A Gann angle is a straight line on a price chart, giving a fixed relation between time and price. For Gann the most important angle was the line which represented one unit of price for one unit of time, called the 1x1 or the 45° angle.
The value of a commodity or stock following this angle will for example increase by one point per day. Other important angles were the 2x1 (moving up two points per day), the 3x1, the 4x1, the 8x1, and the 16x1.
In addition to these value increases, the corresponding angles for value decrease are just as important.
When several of these angles are drawn in a group, they are often called a Gann fan, which is usually drawn from a price bottom or a price top.

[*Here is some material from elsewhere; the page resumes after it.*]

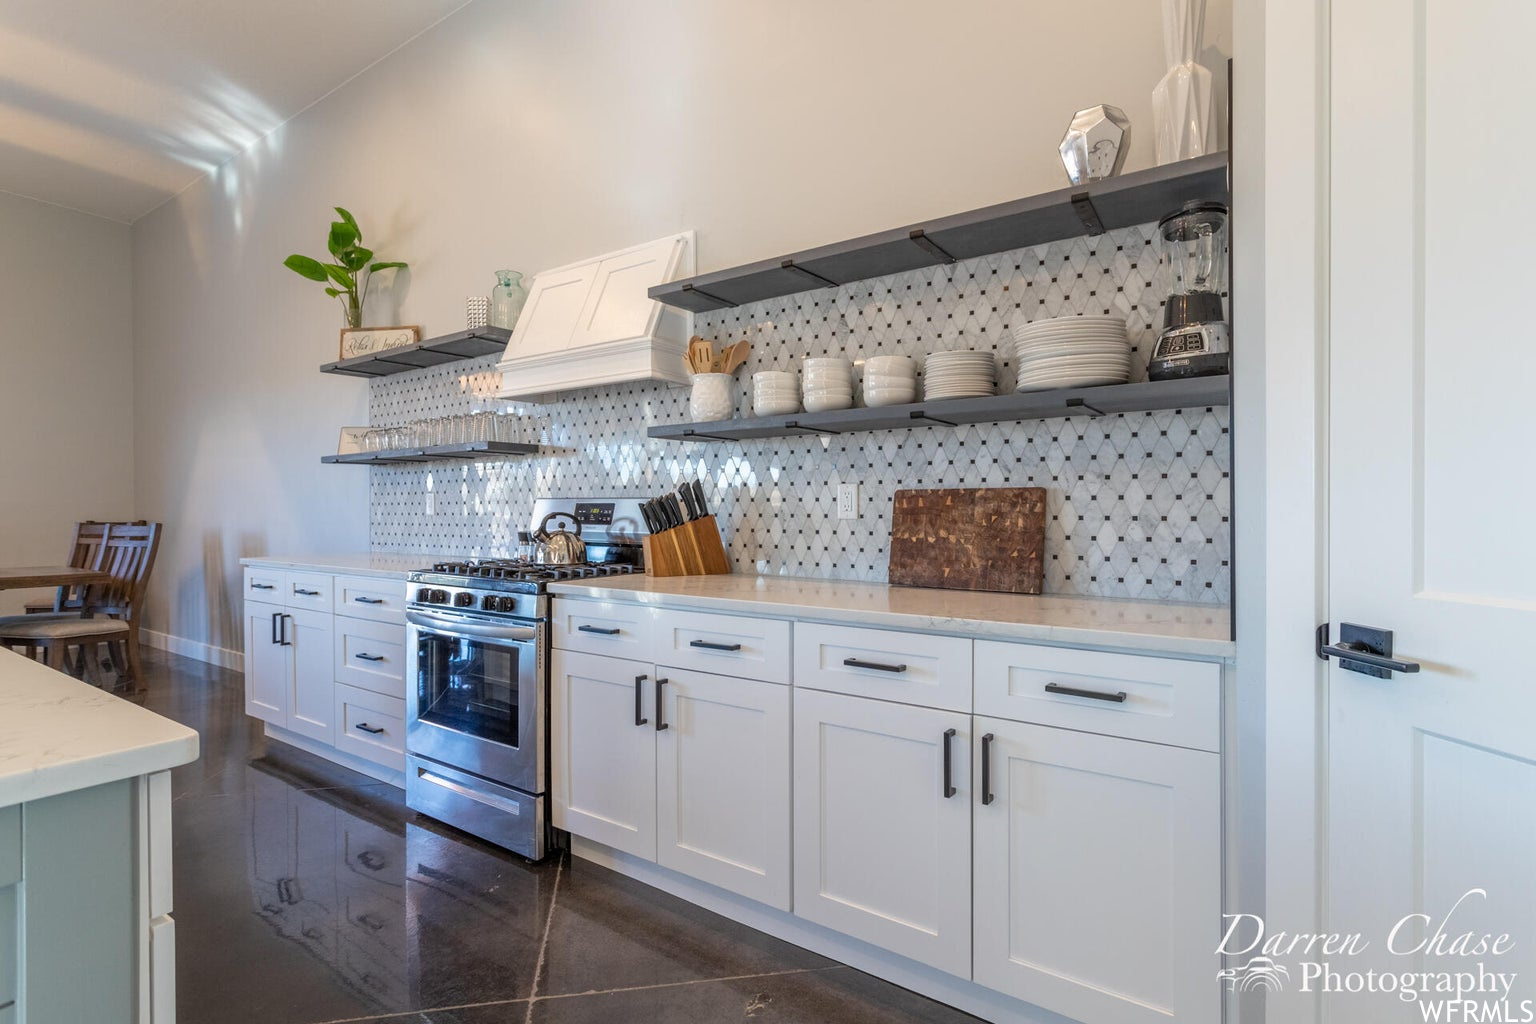 Kitchen featuring gas range oven, stainless steel finishes, light countertops, and white cabinets

As with other forms of technical analysis of stock price movements, the Gann angle model contradicts the weakest form of the efficient-market hypothesis which states that past price movements cannot be used to forecast future price movements.

== Using Gann angles ==

Gann watched for important tops and bottoms to form on a daily, weekly, or monthly chart and drew his angles from these changes in trend. When the trend is up and the price stays in the space above an ascending angle without breaking below it, the market is strong; when the trend is down and the price remains below a descending angle without breaking above it, the market is weak. The market shows its relative strength or weakness according to the angle it is above or below. For example, if the price is above the 2x1 the market has shown itself to be much more bullish than if it is above the 1x1. In his angles course, Gann argues that when an uptrending price reverses and breaks under an ascending angle, the tendency of the price is to go to the next nearest angle below it; likewise, when a downtrending price reverses and breaks up through a descending angle, the tendency of the price is to go to the next nearest angle above it.

== Question of scale ==

It is not always practical to give the 1x1 a value of 1 point of price for each day, as Gann observed in his course. If, for example, the Dow Jones Industrial Average is trading around 10,000 points, it can be more helpful to apply a scale in which a certain number of points (like 100 or 1,000) is used as the price unit.

Critics note that Gann did not set down rules for such cases and that the positioning of the angles on a chart is therefore entirely arbitrary and not scientific. This may not necessarily invalidate the methods Gann used himself, as it is not known whether he intentionally left some parts undisclosed.